6E A Whole Lot of Testing Going On
Have you heard about UExcel®, the Excelsior College Credit-by-Exam Program? The Center for Educational Measurement at Excelsior College offers a cost-effective credit-by-examination (CBE) program that can help students achieve college credit. Students can prove their knowledge, gained through independent study or prior learning, by taking a proficiency exam. When students pass these exams, they earn college credit on a transcript from Excelsior College, a private, nonprofit institution of higher learning regionally accredited by the Middle States Commission on Higher Education. That credit can be transferred into the institution of their choice.
Session 7
7A Become In-Tune with Training: Standardizing Your Training Program, Developing Performance Indicators, and Implementing Assessment Mechanisms
Are you tired of training binders? Is it hard to keep up with all of your training materials? Would you like a standardized training method with which you could assess your staff’s progress? If you answered "yes" to all of these questions, this session is for you. Every higher education testing center has training manuals and/or conducts routine training sessions for one of testing’s most essential components: the testing proctors. Our presentation will demonstrate the steps taken by our testing centers to develop a standardized proctor training program and the methods of assessing the program’s efficiency and proctor learning. Specifically, we will discuss how each center chose its training topics, the various modes of delivery, and ways each assesses their training program and proctors’ level of learning. We will also review the benefits of a standardized, assessment-driven proctor training program, especially useful to the testing department that has many different centers or proctoring locations: a standard training program and assessment ensuring that all proctors, regardless of location, receive the same training.

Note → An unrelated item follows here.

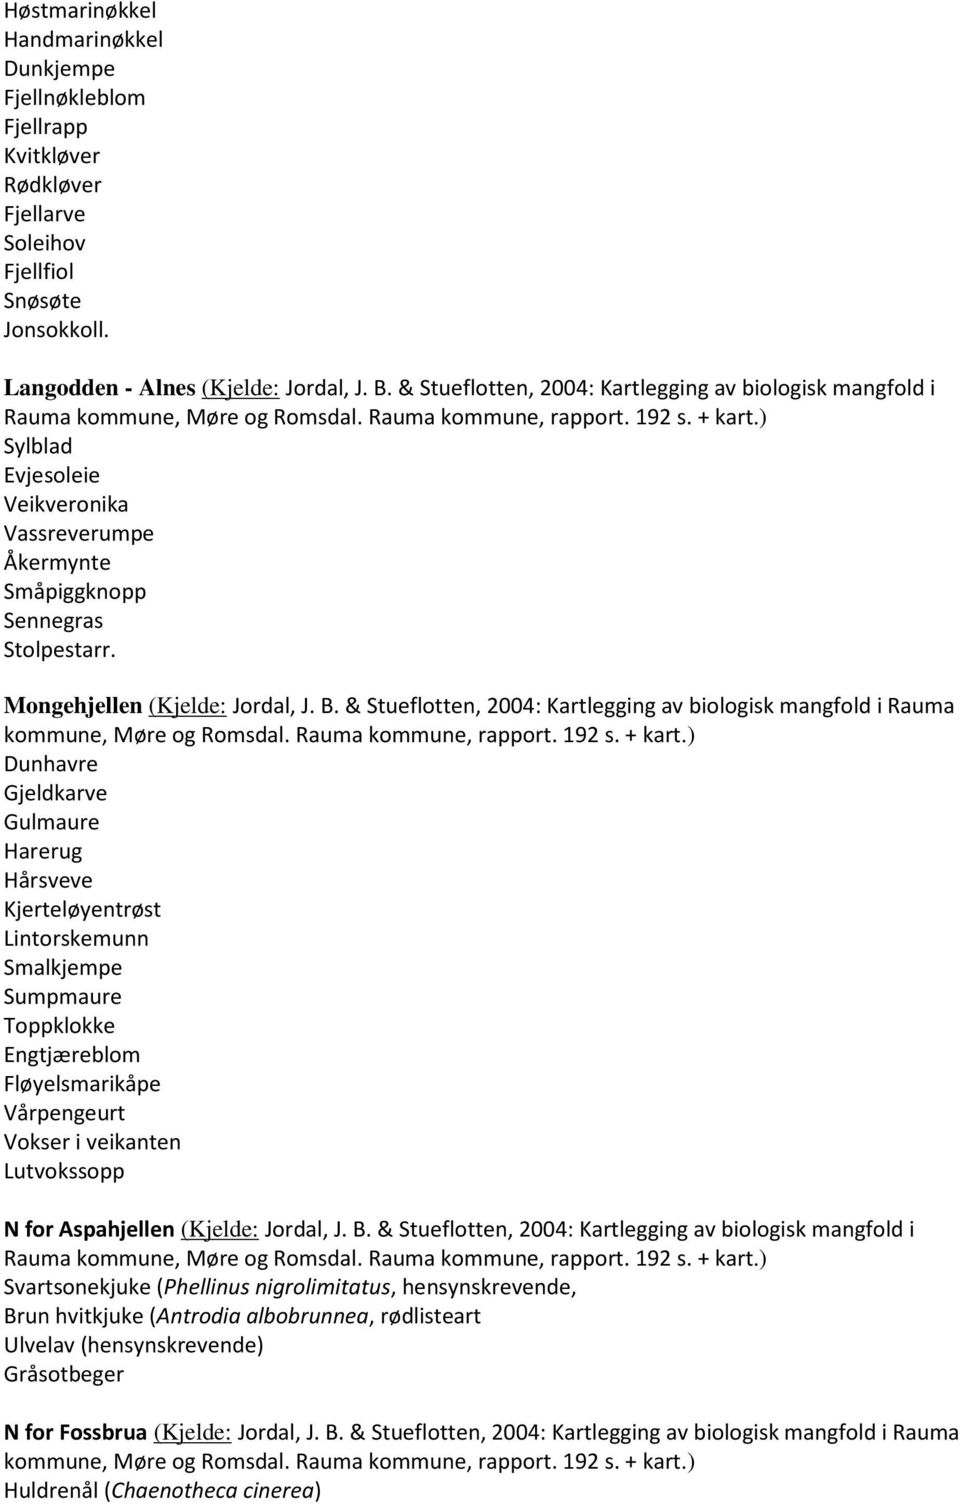 & Stueflotten, 2004: Kartlegging av biologisk mangfold i Rauma Dunhavre Gjeldkarve Gulmaure Hårsveve Kjerteløyentrøst Lintorskemunn Smalkjempe Sumpmaure Toppklokke Engtjæreblom Fløyelsmarikåpe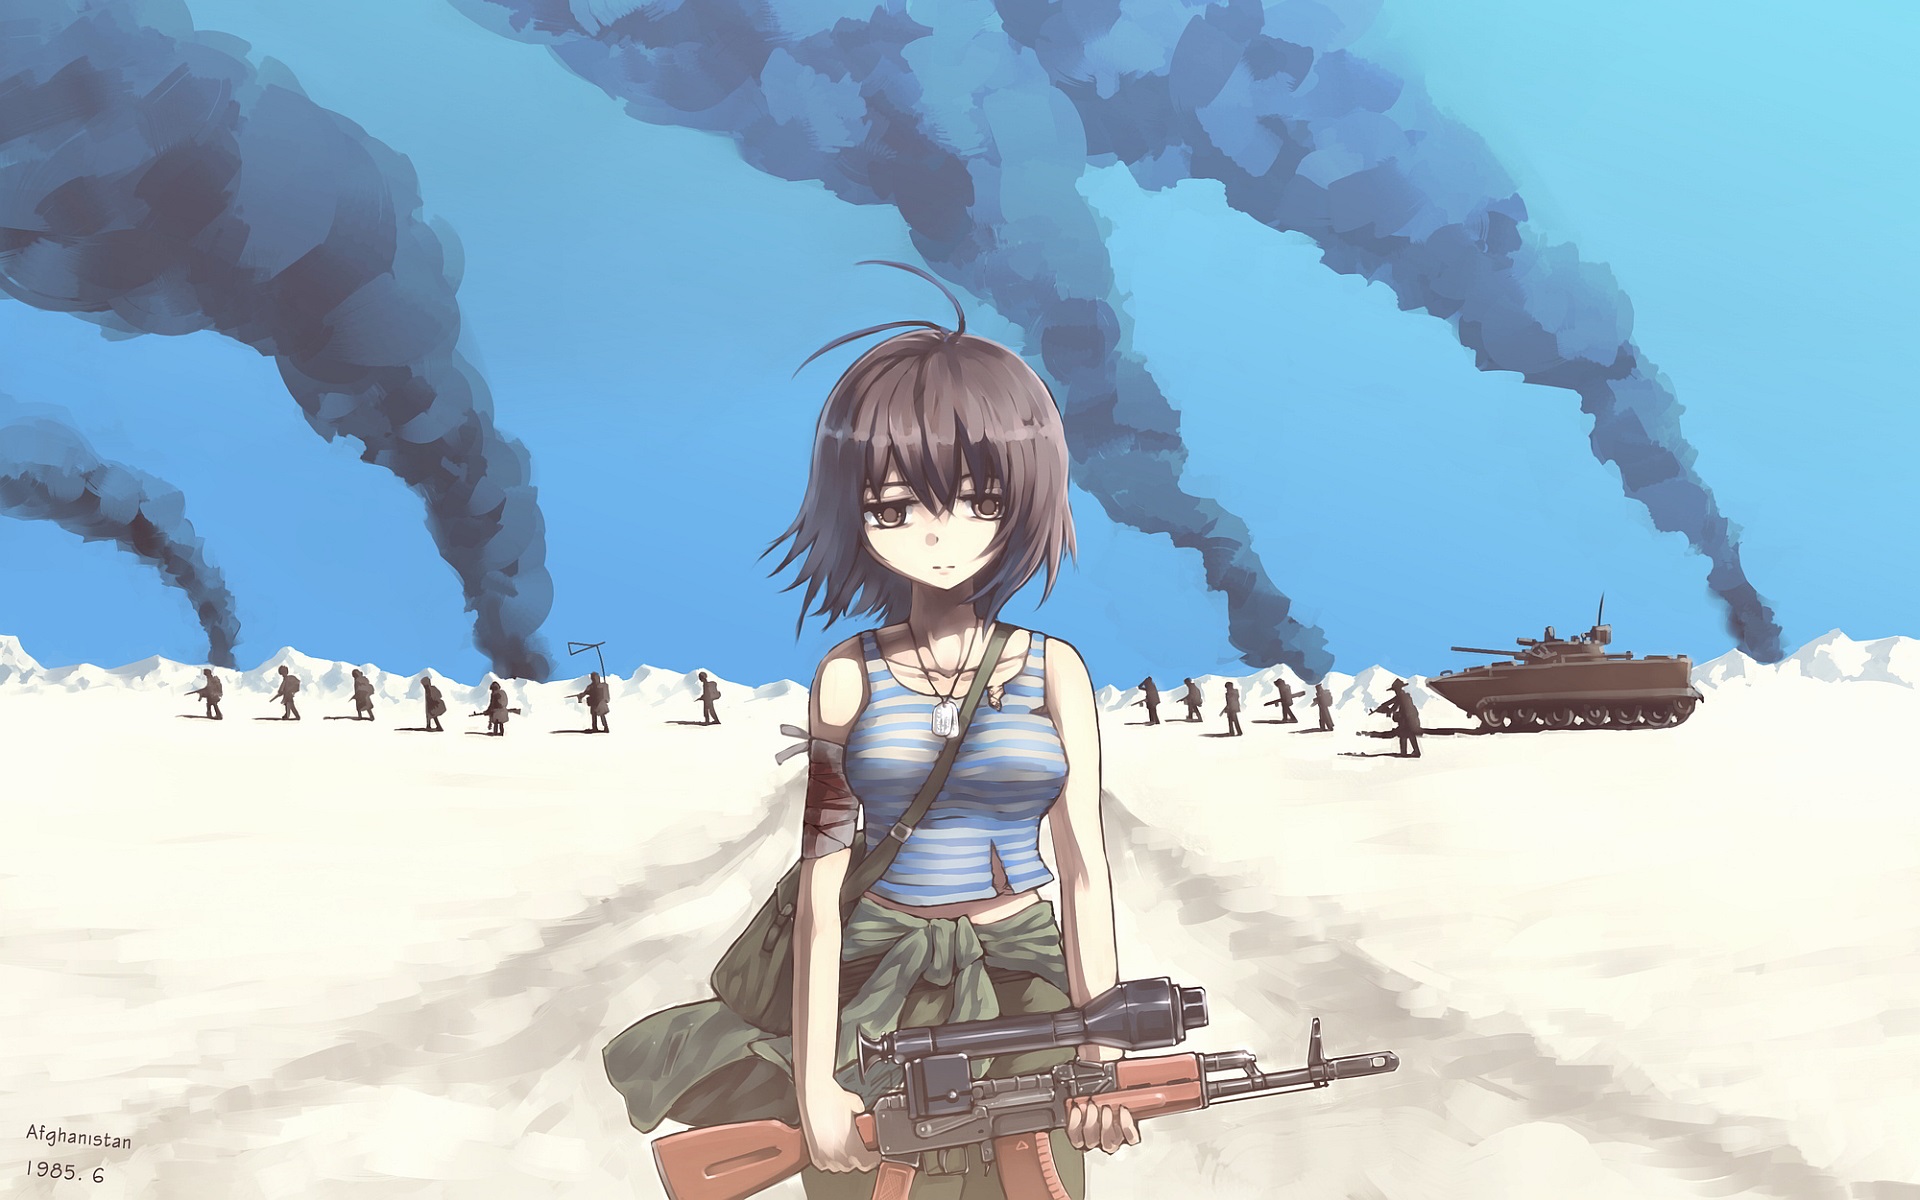 fondo de pantalla de chica del ejército,juego de acción y aventura,cg artwork,anime,dibujos animados,ilustración

7B The GED Testing Program on the Move: Great Things in Motion!
How will the new GED® test change? Why are these changes occurring? What does it mean for academic testing centers and their colleges? Learn how and why the GED® testing program is changing—not just in 2014 but also right now with the introduction of GED® testing on computer. This session will include an overview of the changes to the GED® test which have been designed to provide adults the opportunity not only to earn a high school credential but also receive enhanced information about the career- and college-readiness skills that are the focus of today’s curriculum and tomorrow’s success. Staff from college or university-based GED® testing programs will also share experiences with implementing testing on computer in preparation for the deployment of the 2014 GED® test.
7C Marching Forward: Veterans, CLEP Initiatives, and Student Success
With the increased importance of student completion and retention, it is vital for test administrators to assess the various ways their testing program can be utilized to contribute to the overall college success of students and to take on an even more vital role at their institution. A compare/contrast style of delivery will be used to show how returning veterans as well as students with Spanish language skills use their knowledge on the CLEP exams to achieve college credit before they enroll at North Lake College (NLC). Data will consist of CLEP students who were part of the NLC studies. Also, Miami Dade College (MDC) is strategically implementing various initiatives to promote the use of CLEP. These initiatives serve to improve the overall CLEP process at MDC with the end goal of supporting student retention and completion. In our session, you will learn about both NLC’s and MDC’s CLEP initiatives and have a chance to collaborate with the presenters on even more innovative initiatives.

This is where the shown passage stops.